• _Work item_
Restate word for word the section of the entries that opens at the line containing "4742 E MEADOW" and closes at the line containing "договор аренды земельный кодекс", both lines kept, pictures dropped.

• _Records shown_
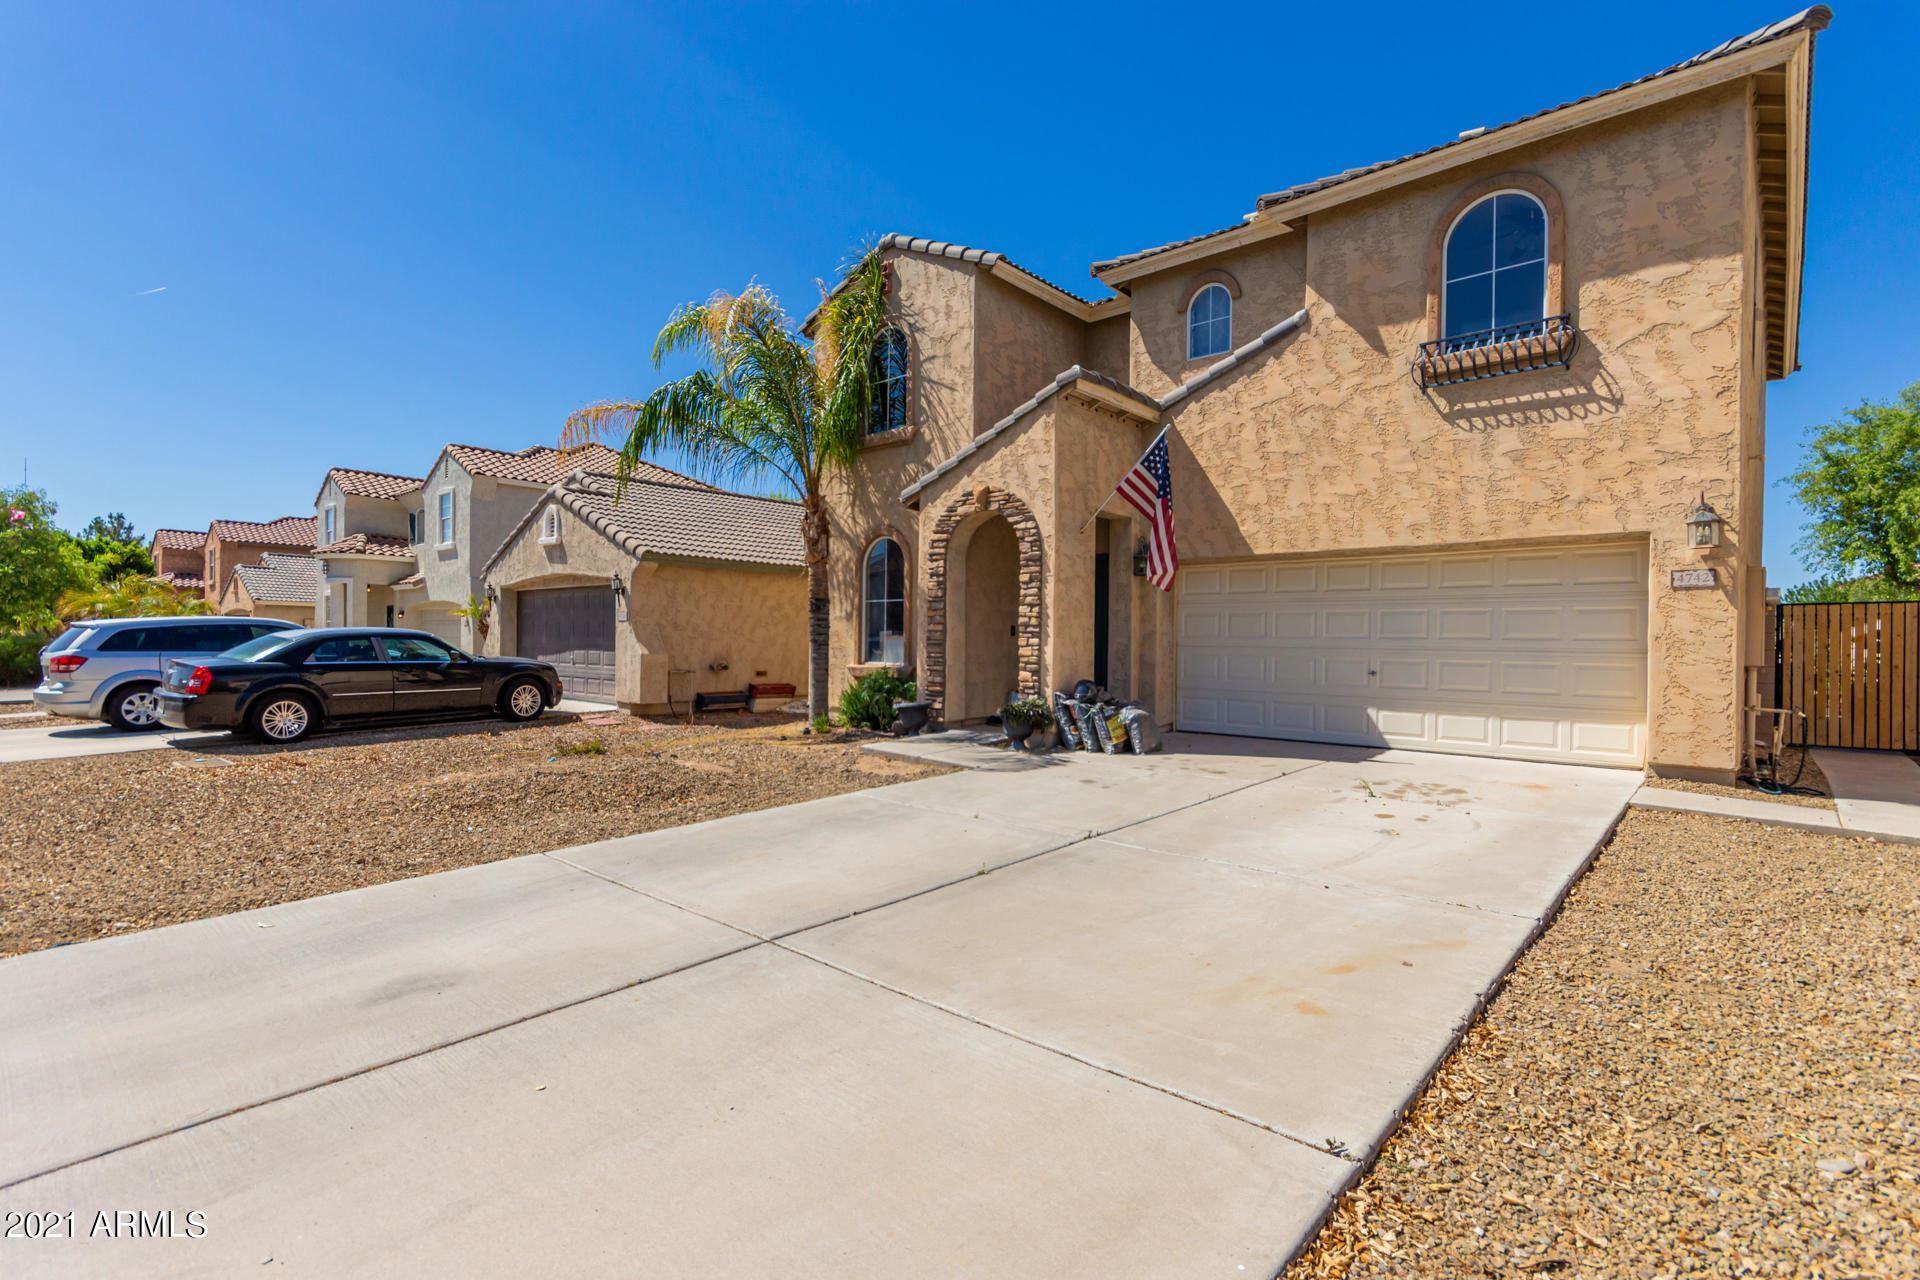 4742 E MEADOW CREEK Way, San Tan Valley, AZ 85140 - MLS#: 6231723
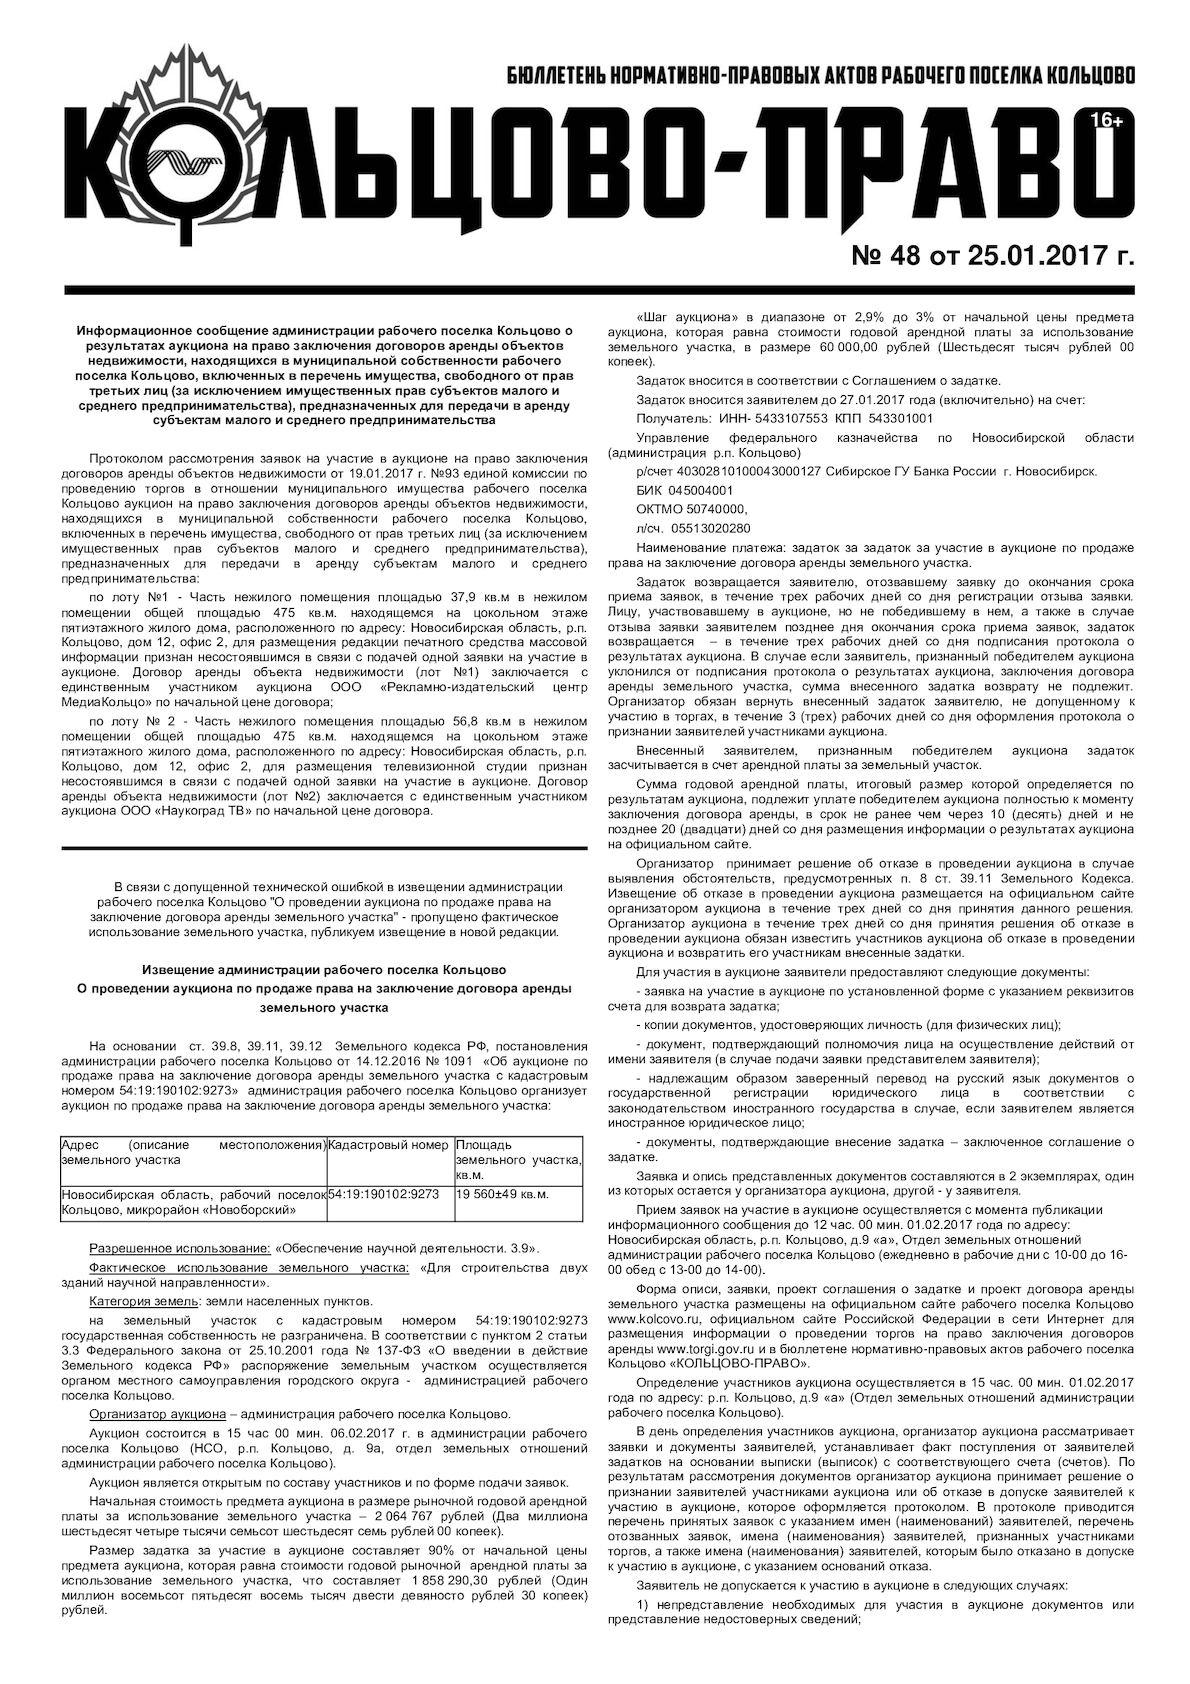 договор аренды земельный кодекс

==

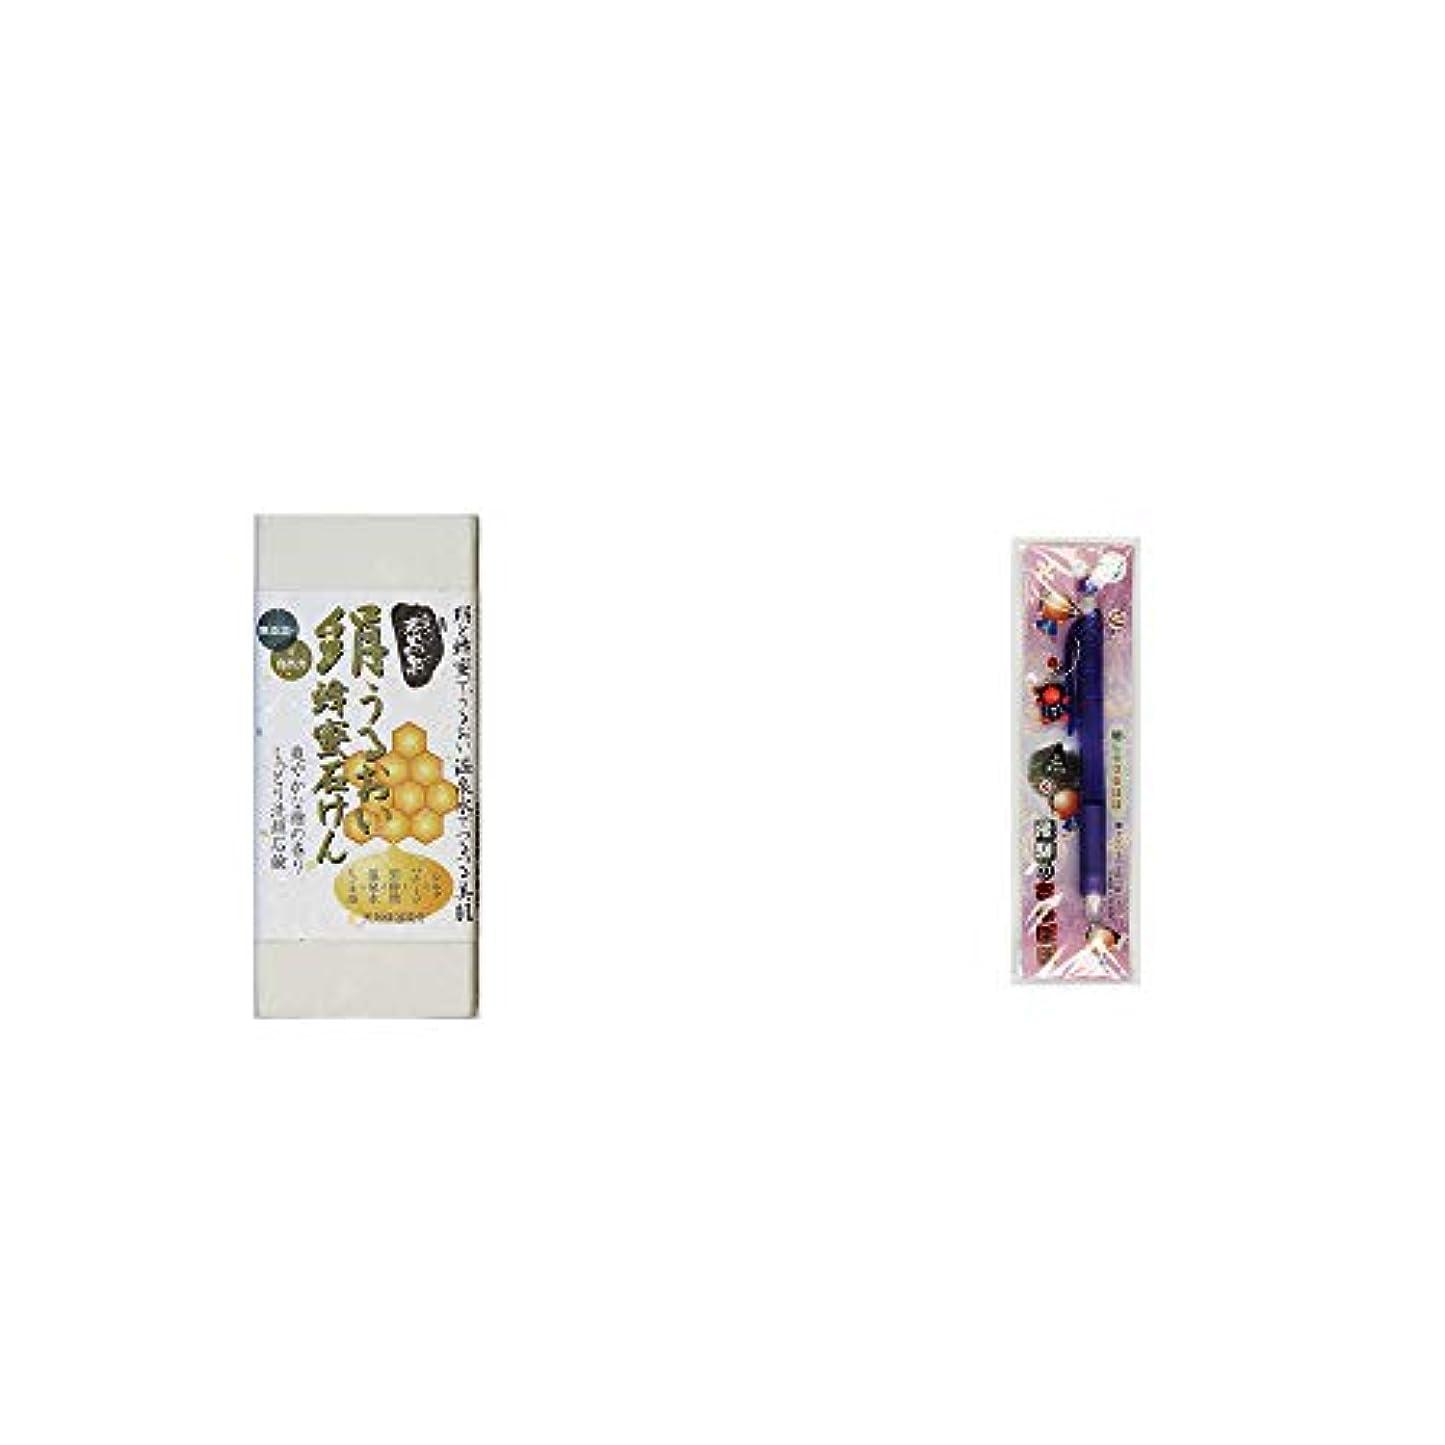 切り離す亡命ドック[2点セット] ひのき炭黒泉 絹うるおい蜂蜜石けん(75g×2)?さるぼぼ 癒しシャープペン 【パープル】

• _Output for this exercise_
 4742 E MEADOW CREEK Way, San Tan Valley, AZ 85140 - MLS#: 6231723
 договор аренды земельный кодекс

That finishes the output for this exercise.